February 2000 Market Pulse

February 1, 2000

Growth: East leads in home prices

If you’re wondering where the growth is, look East--and West. Home price increases averaged 5.9 percent in 1999, according to the U.S. Office of Federal Housing Enterprise Oversight, the Fannie Mae and Freddie Mac oversight agency. But the average masks big regional differences.

Many of the growth leaders were in the East, led by the District of Columbia (13.1 percent), Massachusetts (11.7 percent), and New Hampshire (10 percent).

The West lagged considerably. Only Colorado and California ranked in the top 10 (with rates of 9.6 percent and 7 percent, respectively), whereas seven of the 10 states with the lowest price increases were in the West. Hawaii reported a 4.6 percent price drop.

Meanwhile, population growth has been taking off in the Southwest, led by Las Vegas (with 55 percent growth); Laredo, Texas (41.2 percent); and McAllen, Texas (36.2 percent). National growth, by comparison, was only 8.7 percent. Figures are from the U.S. Census Bureau and track population growth between 1990 and 1998.

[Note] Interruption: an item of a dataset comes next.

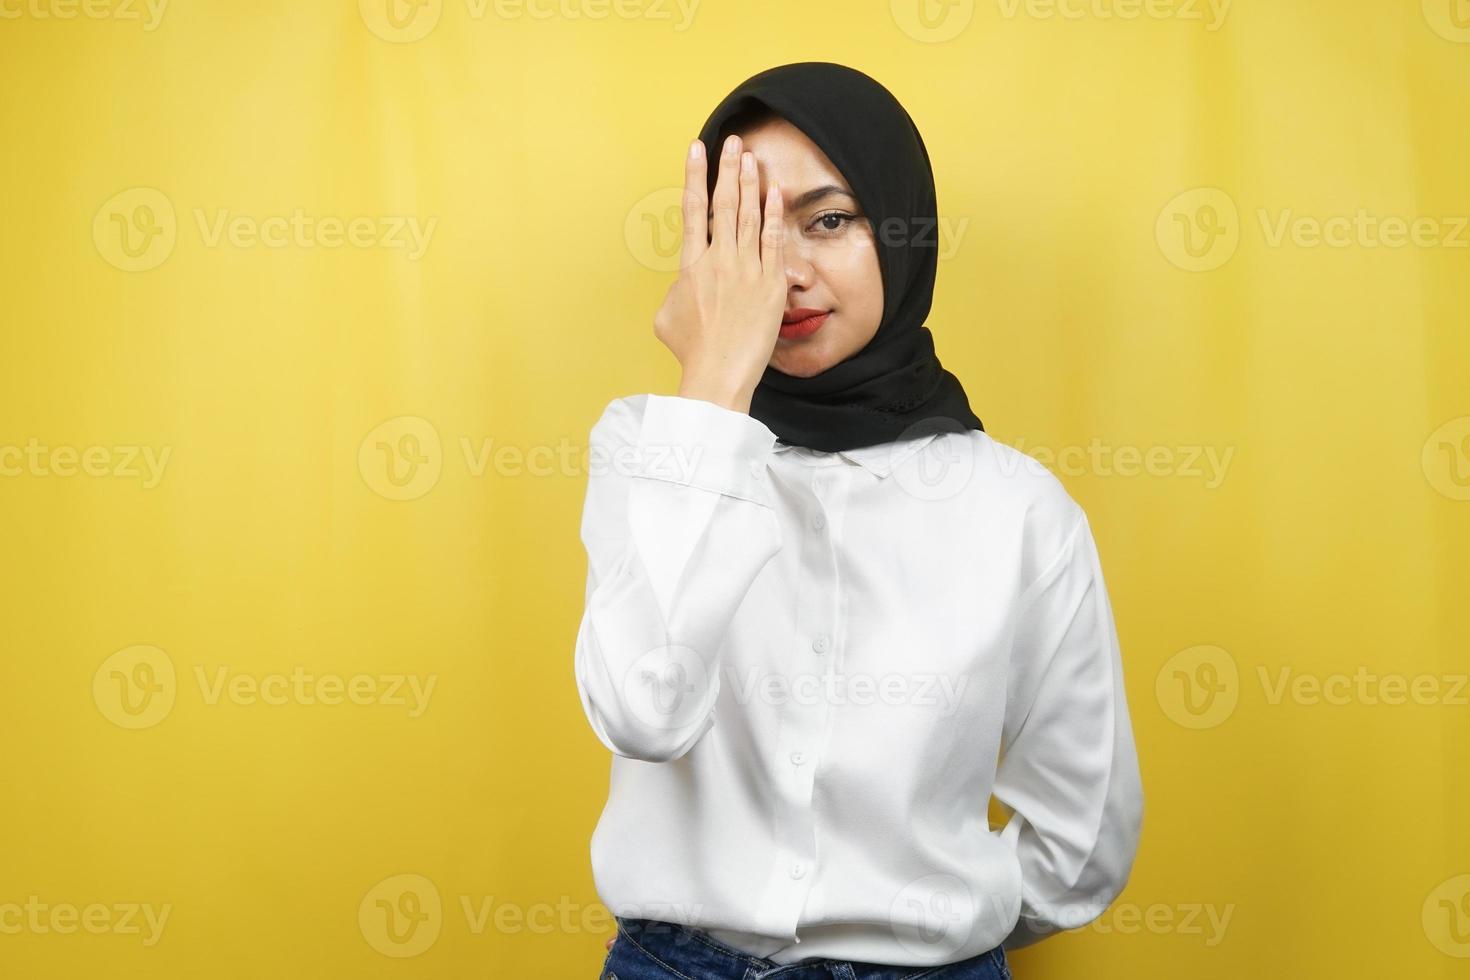 Hermosa joven musulmana asiática con la mano cubriendo un ojo mirando a la cámara aislada sobre fondo amarillo foto

Sales of existing single-family homes jumped in November, after months of decline, as homebuyers moved on deals before mortgage rates climbed higher. The seasonally adjusted annual rate rose 6 percent to 5.09 million units from a 4.79-million unit pace in October.


Practitioners' confidence in the home sales market over the next six months increased dramatically, even as they reported a weakening housing market for the seventh straight month.